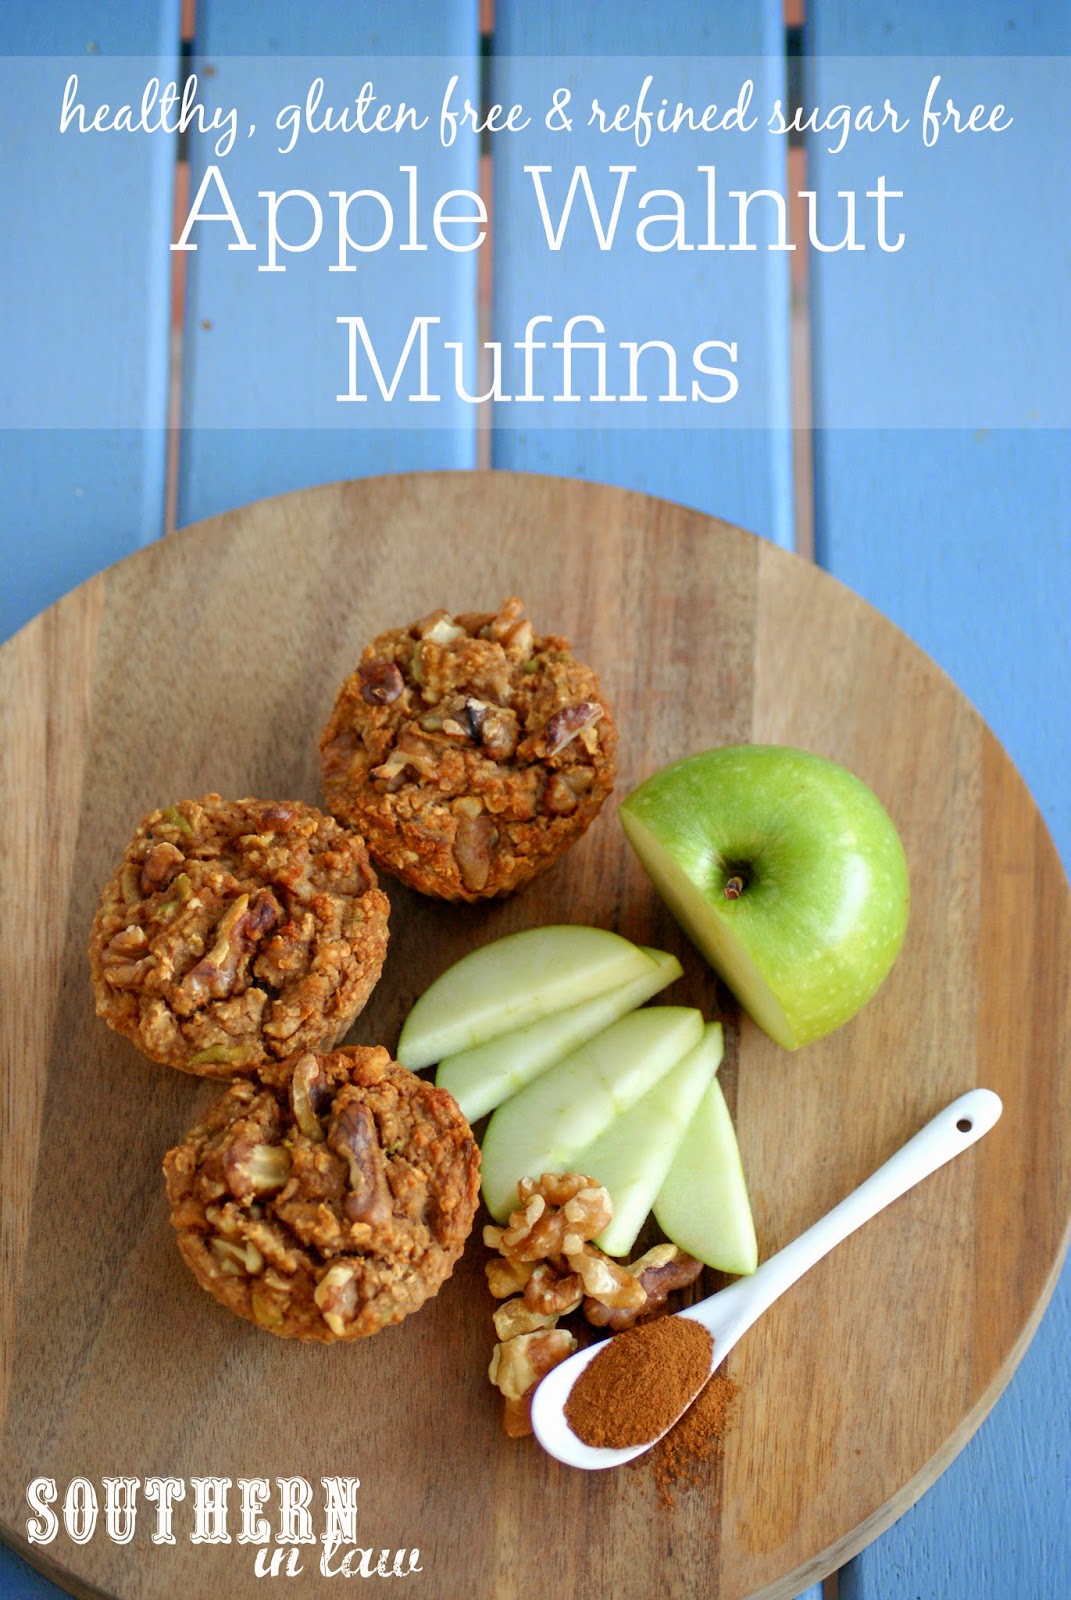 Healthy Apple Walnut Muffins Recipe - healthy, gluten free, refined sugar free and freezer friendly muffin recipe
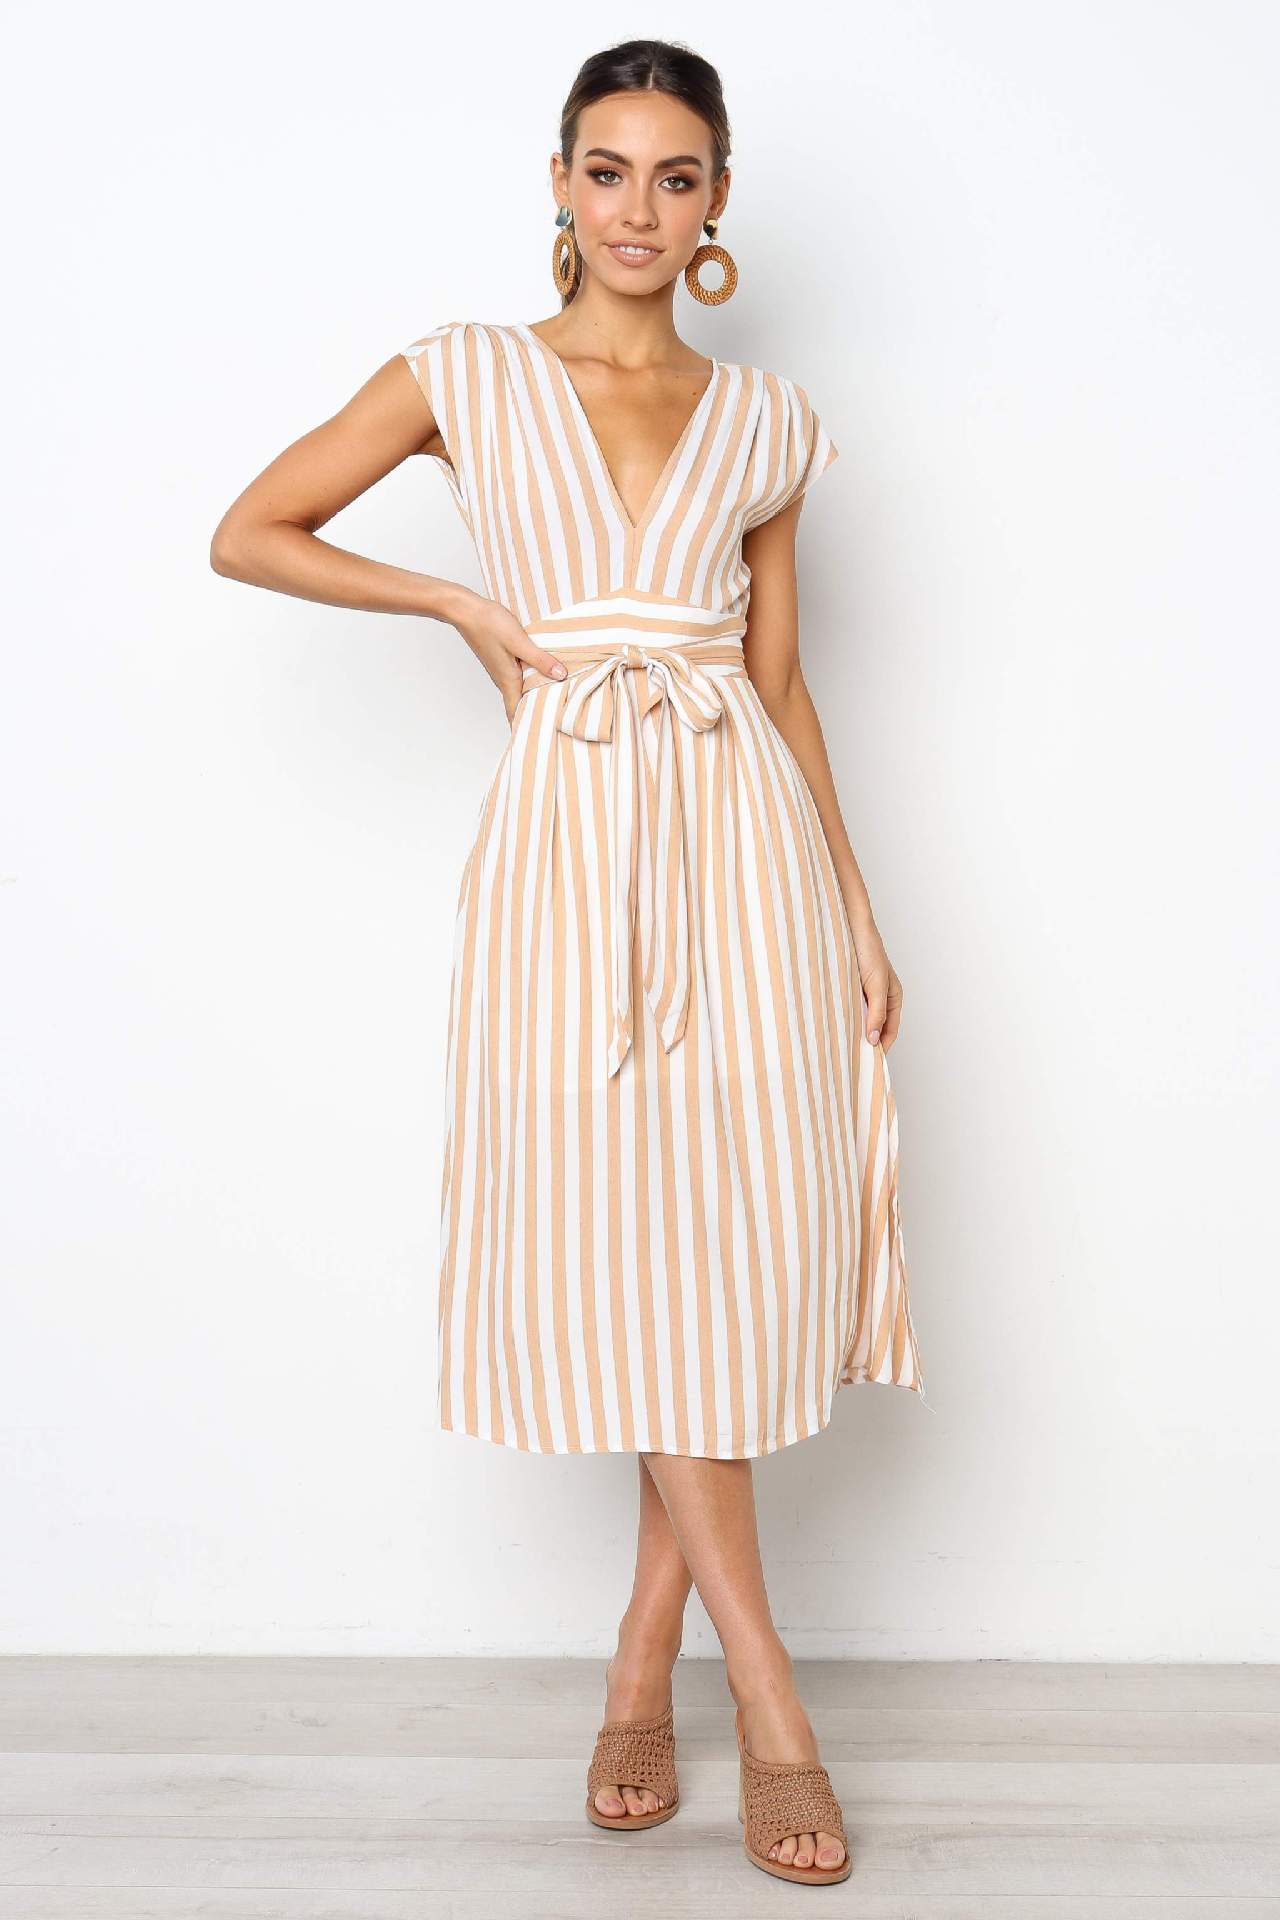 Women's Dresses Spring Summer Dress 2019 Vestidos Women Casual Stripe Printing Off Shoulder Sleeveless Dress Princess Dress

——

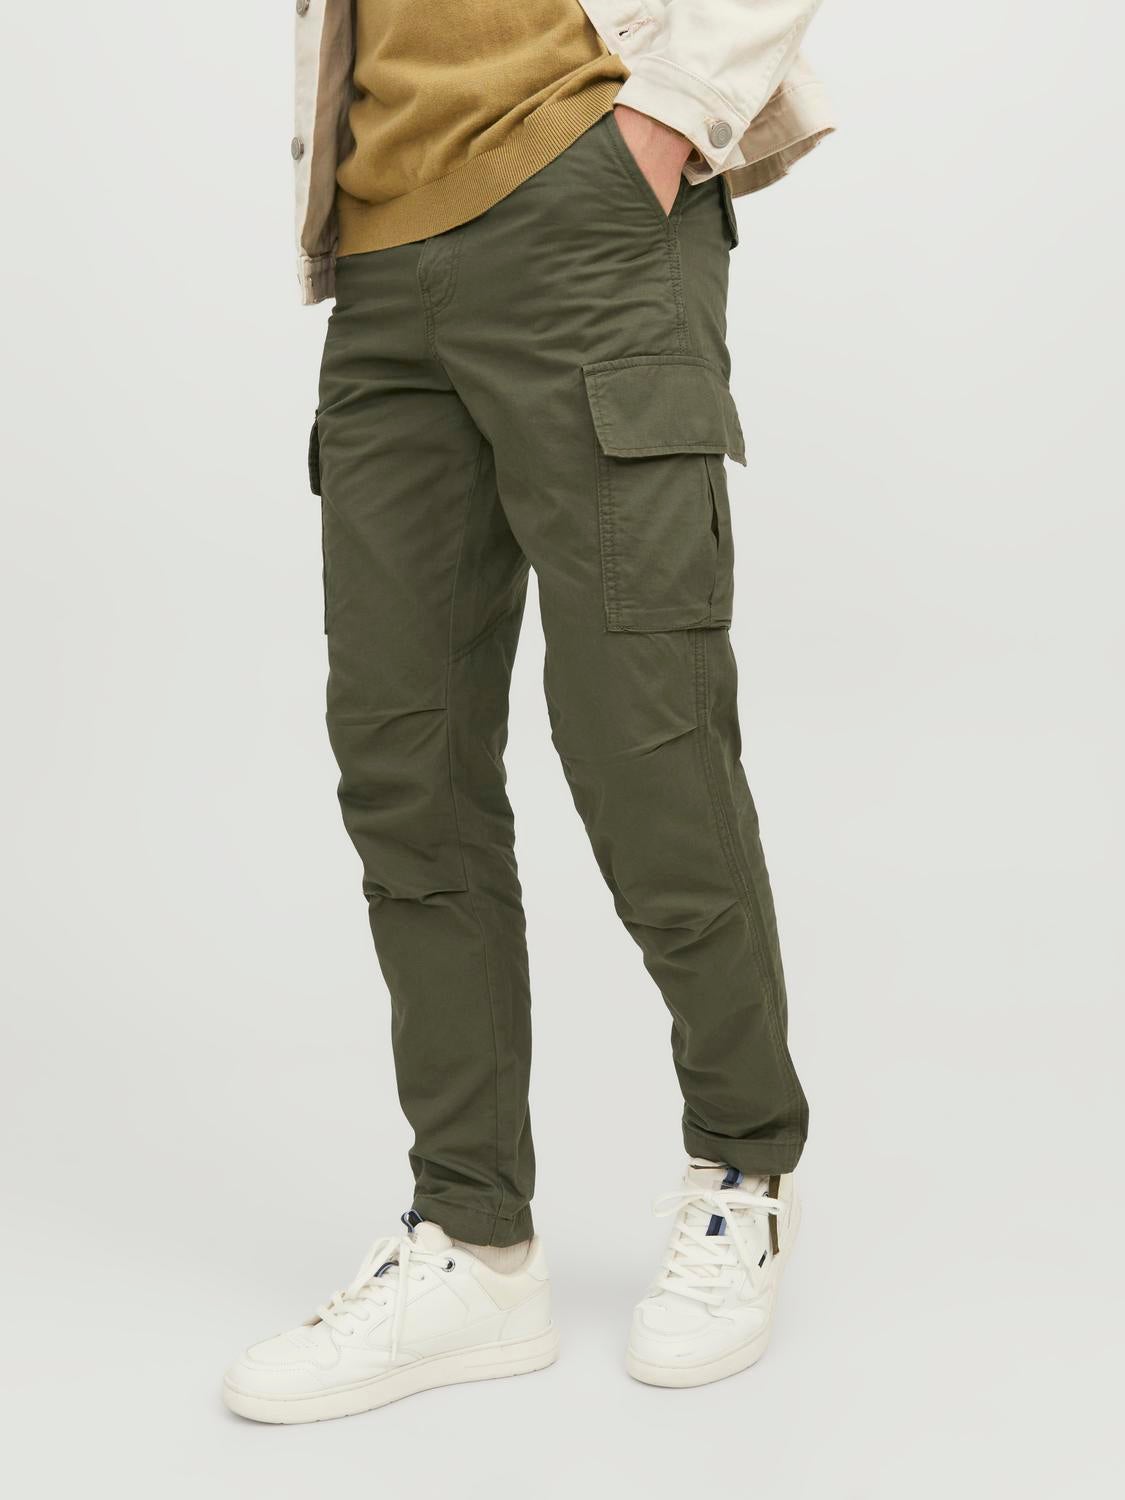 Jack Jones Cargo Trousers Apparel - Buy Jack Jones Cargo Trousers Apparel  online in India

——

How to complete this task: Output exactly the lines of the listing above that start with the one holding "Healthy Apple Walnut" and go on through the one holding "Women's Dresses Spring"; leave the pictures out.

Reply:
 Healthy Apple Walnut Muffins Recipe - healthy, gluten free, refined sugar free and freezer friendly muffin recipe
 Women's Dresses Spring Summer Dress 2019 Vestidos Women Casual Stripe Printing Off Shoulder Sleeveless Dress Princess Dress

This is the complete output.